Пальма догнала нас в лесу. В густом малиннике собаки подняли косача и проследили, как он взвершился на ольшину. Я подошел, высмотрел косача, наблюдавшего собак в чапыжнике под ольшиной. Я не учил Пыжа приносить дичь, и он этого не делал. Тетерев упал комом, нужно было лезть в крапиву за добычей. Но из зарослей с треском уже вывалились обе собаки. Ревниво отворачиваясь от Пальмы, не давая ей обнюхать птицу, Пыж нес косача. Нарядная, освещенная солнцем черно-пегая лайка с черно-белым красавцем петухом в зубах — это было красиво! Оттирая Пальму, Пыж отдал косача мне в руки.
Богатые угодья, обилие дичи, удачный выстрел, обладание трофеем — все это охотничье счастье. И все же самая большая радость для охотника — видеть, как натаскиваемая им собака берется за дело, как ее природная страсть обретает мастерство.

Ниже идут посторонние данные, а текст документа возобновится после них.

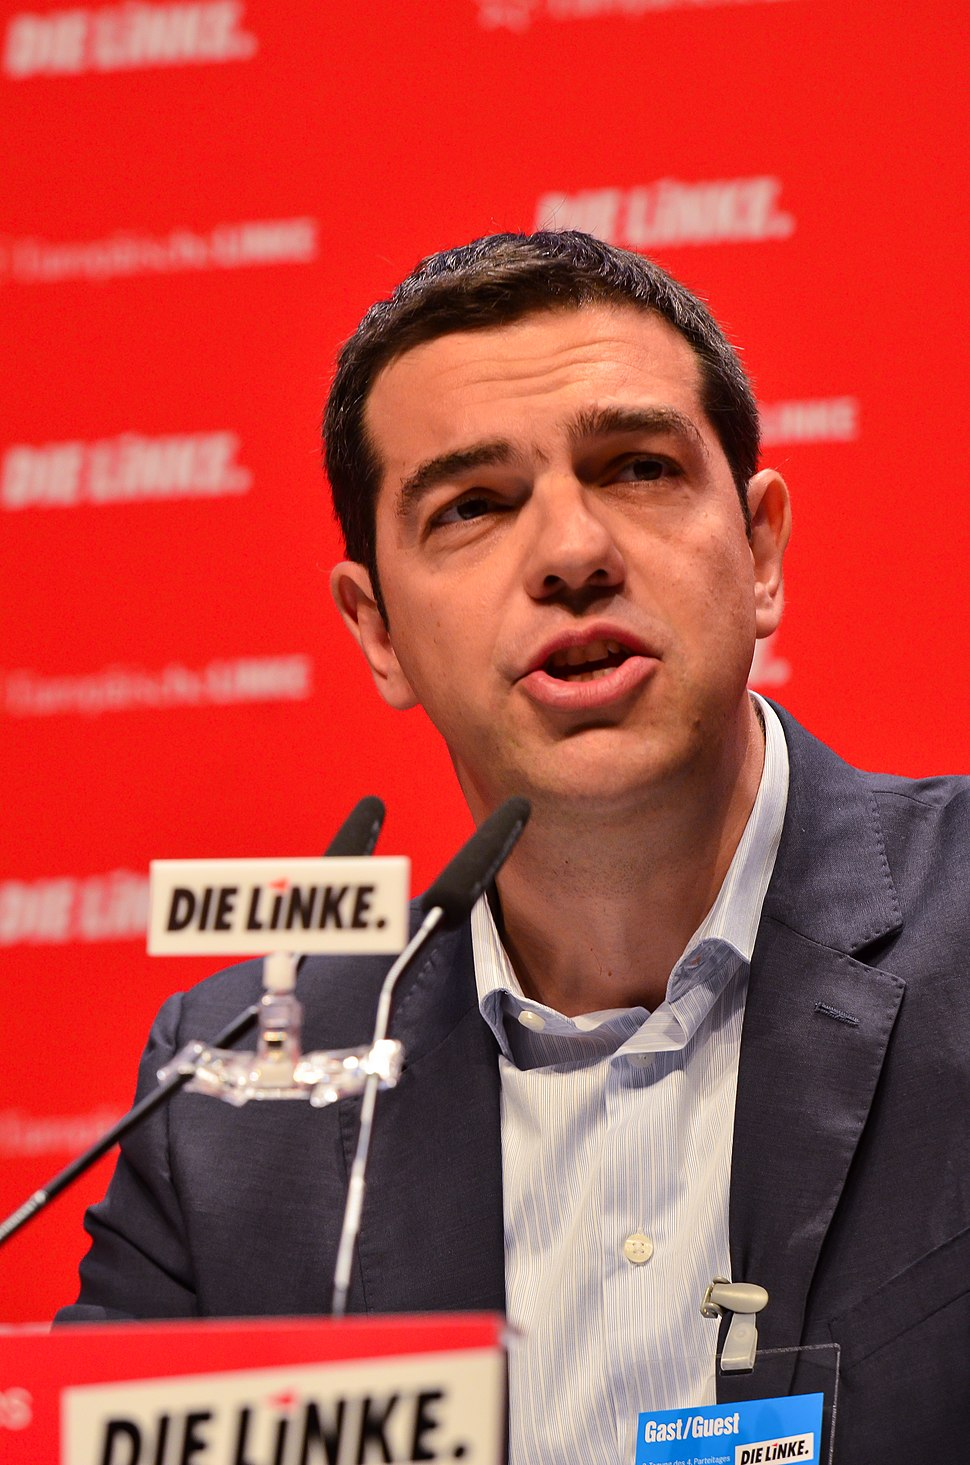 DIE LINKE Bundesparteitag 10. Mai 2014 Alexis Tsipras -7

Пыж еще не всегда мог уследить переместившуюся птицу или белку, которые тоже попадались в лесу, у него еще случались пустые полайки, но уменье его росло от охоты к охоте, и так интересно было отмечать новые свидетельства его сообразительности и опыта. У Пыжа стало правилом заходить при моем приближении с противоположной стороны дерева, и если мне приходилось кружить, высматривая птицу, кружил и он, неизменно оказываясь по другую сторону ствола; он перестал царапать кору лапами, несколько раз согнав таким образом птиц. Он еще, случалось, терял голову и горячился, когда оказывался в середине выводка и вокруг с треском начинали взрываться тетерева. Стараясь помочь, я успокаивал его, силился понять то, что происходило в недоступной для меня области запахов, и уж во всяком случае просто не мешать ему, предоставляя время разобраться во всем самому. И Пыж научился держать не только глухарей и тетеревов, но и рябчиков. Отпало искушение «самотопных» случайных выстрелов — теперь я стрелял только тогда, когда выстрел завершал четкую «типовую» работу собаки, и только петухов. Я уверился в лайке и стал чувствовать себя на охоте «хозяином положения», а именно оно, это чувство, делает охоту щадящей и красивой, доставляющей истинное, ни с чем не сравнимое удовольствие.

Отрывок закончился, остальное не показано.